Major:                   

• The authors need to explain what has been the methodology to identify and describe the precision medicine studies that they describe in section 4:
  1. Not all the studies in Figure 1 appear in Table 1 or in the text (lines 105-114). For instance, the PRISMA study only appears in Figure 1 but not in the other two parts. Please make sure there is a consistent list of studies in the three parts (text, figure and table). If not all studies have to appear in all three parts, then please explain the reasoning.
  2. Please, also explain how the size of the circumference has been estimated: Is it by samples included/samples analyzed/patients included? If it is patients included, please then add a column with patients included in Table 1 besides the columns of samples included/samples analyzed.
  3. Please, describe what has been the search methodology to get to the published reports (e.g. timeframe of research [from 20xx to 20xx, date of last research performed, consort diagram, keywords, limits, etc; these are some examples, not all needed to be given but at least to be considered to be included).
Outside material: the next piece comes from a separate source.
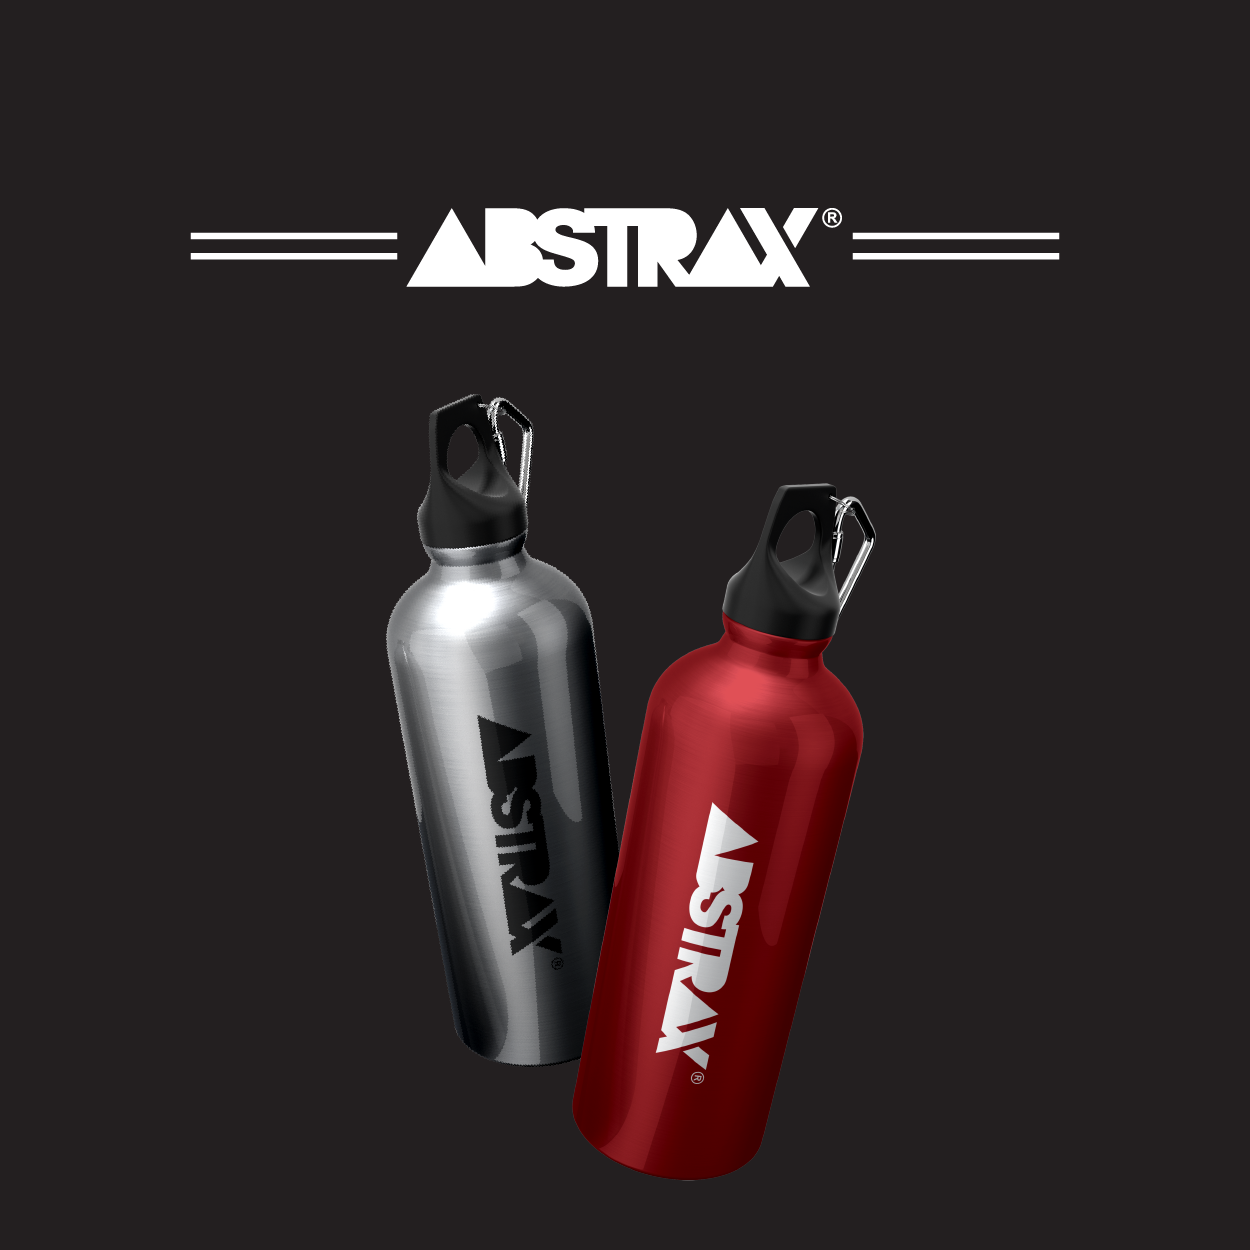 ABSTRAX® Bottle

I particularly miss the pediatric study PROFILE (https://ascopubs.org/doi/full/10.1200/PO.20.00023); also, not clear to me what has been the criteria to include molecular profiling studies in this analysis, since there are reports describing molecular platforms which are not listed here (e.g. https://journals.plos.org/plosone/article?id=10.1371/journal.pone.0224227). Lines 126-131 are an attempt to describe the methodology. Please put in a separate paragraph/section.
  4. Table 1 needs footnotes to explain abbreviations.
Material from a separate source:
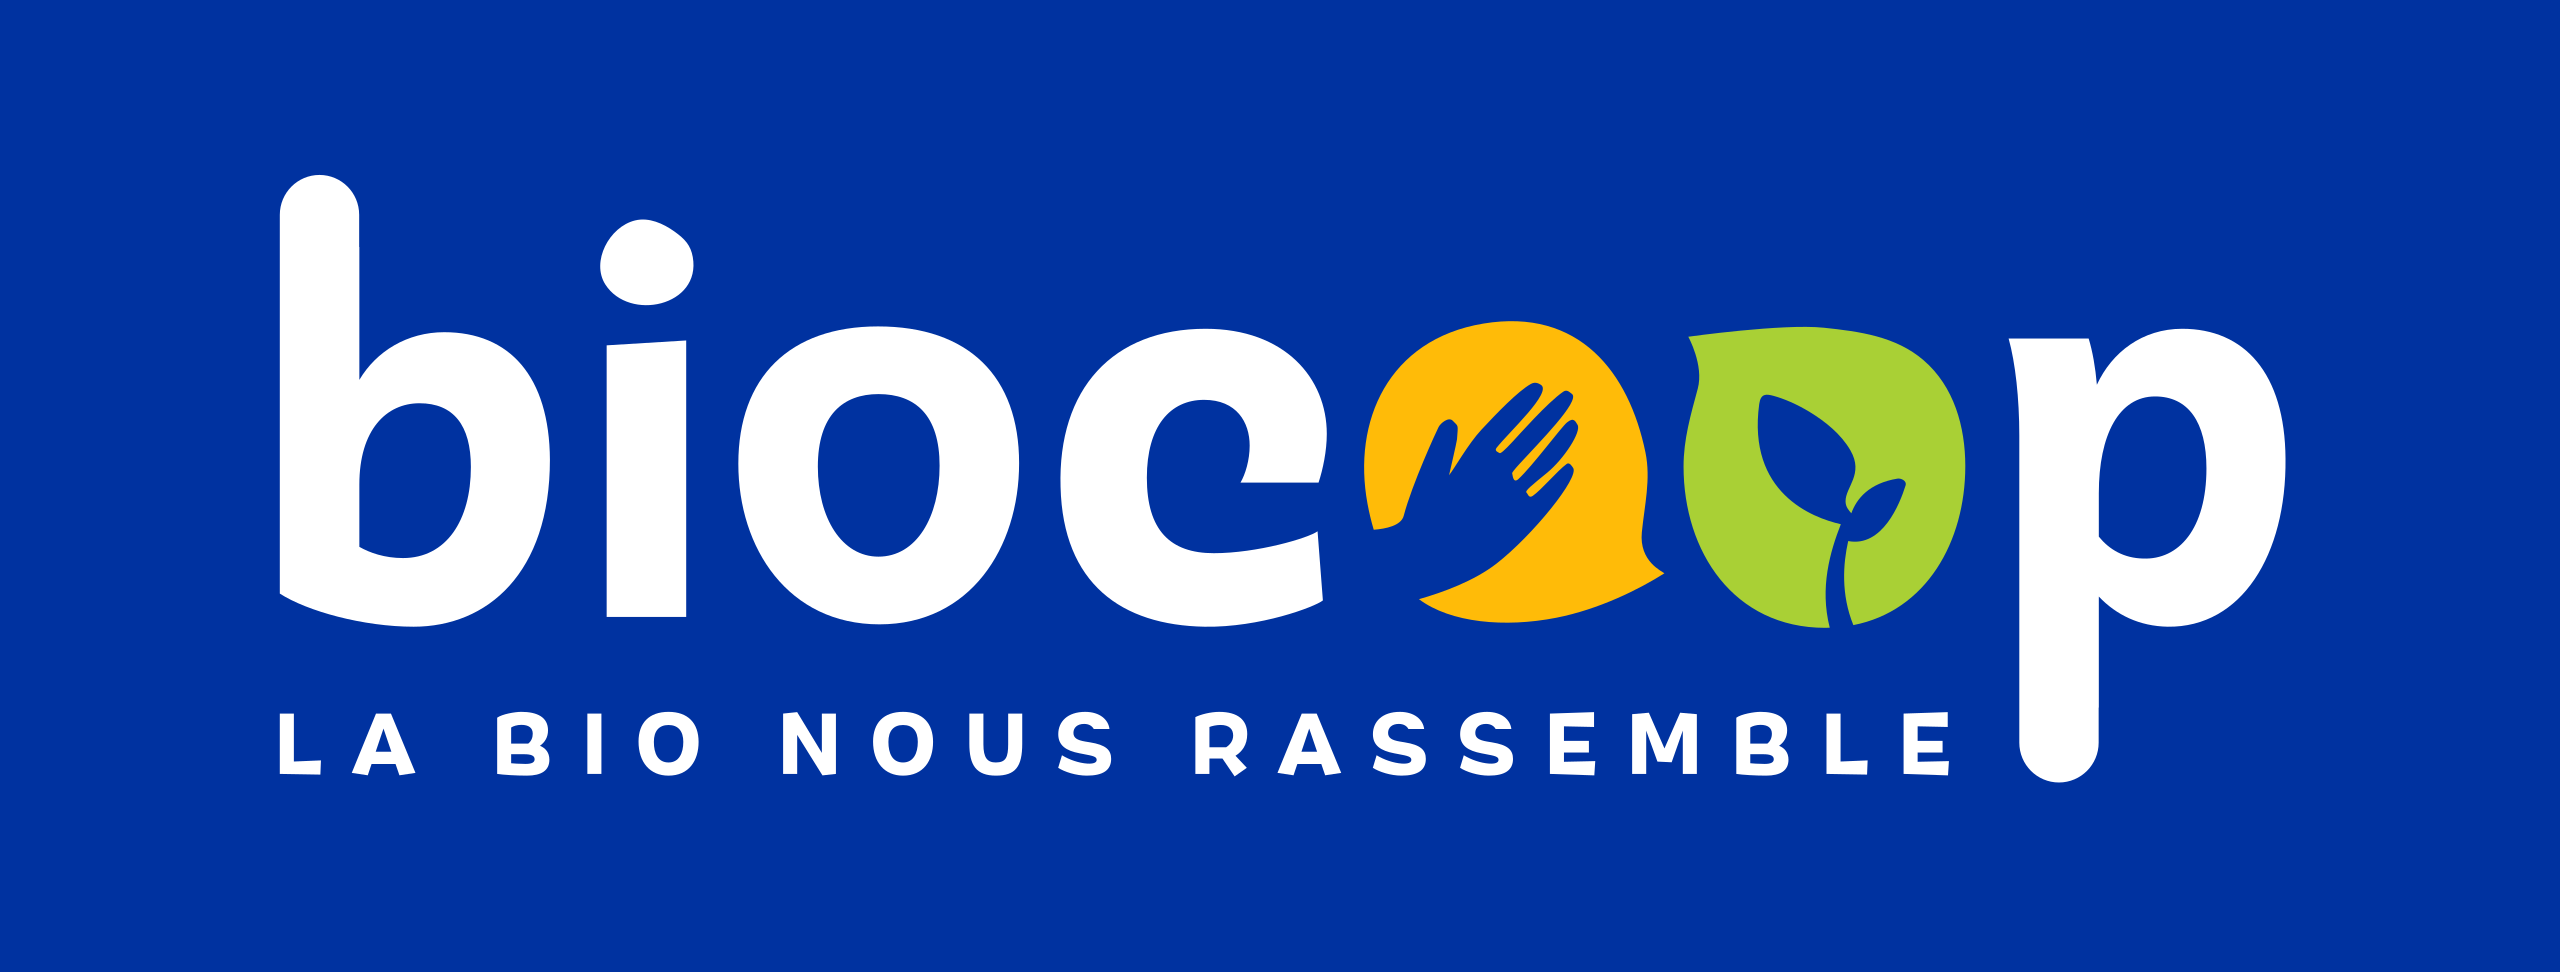 logo bioccop foodwatch

  5. What is the meaning of the column “% of targeted therapy”. Does this mean patients that ultimately received targeted therapy? If yes, please explain more accurately in that heading.

Minor:

• Line 8: I think there is a typo mistake “ with the goal is…”. It may be rather with the goal of or which goal is. Please correct.
• Line 65-73: This is a whole section of limitations, difficulties, etc. I think that this sort of information may be better placed under section 13 or 14 where this is discussed in the context of the current perspectives of molecular profiling. More concrete, lines 65 to 73 are not limited to adults but also children. Also
• Lines 82-98 need to be more accurately referenced after each block of information provided.
• Line 92: What do the authors want to mean by “stressing the need…”? I guess they want to highlight the fact that mutational analysis only may not be sufficient to identify other alterations such as CNV or structural variations which may only be got by means of WES. If the authors agree, a separate small section/table with a brief description of current available technologies (WES, RNAseq, etc) and pros/cons may be very useful for the reader to understand what are the limitations and scope of each technique and how/when to use them. They do an attempt on line 173 that may be expanded. Otherwise, the message the authors want to transmit here is diluted and not clear.
• Line 105: What do the authors want to mean by (pilot). Much of them are not pilot anymore. In this same paragraph, I do not see much interest on commenting on the fact that the SM-PAEDS study is not yet reported, as it may be the case for the SPECTA from the EORTC for instance, or others that are still running. Please consider to remove or explain better the fact why to keep this. I think this may be better solved when the authors explain more accurately the methodology to get to these studies.
• Line 115: “the feasibility and potential (…)”. What do they want to mean with “potential”? Potential interest, potential benefit, or simply potential as an adjective?
• Line 144: I think that the discussion of when including these patients is larger than the two only time points the authors mention. It is debatable whether to include all R/R patients, or whether they consider HR also to these R/R or those who do not achieve meaningful responses after induction which is known to be a poor prognostic factor.
• Line 331-339: The description in a row of three studies (ESMART, etc) is relatively superficial and does not capture the essence of these studies. I am not sure how of interest is to use these descriptions. I think better to remove. Also the last sentence (Line 336-338) is rather obvious and maybe superfluous.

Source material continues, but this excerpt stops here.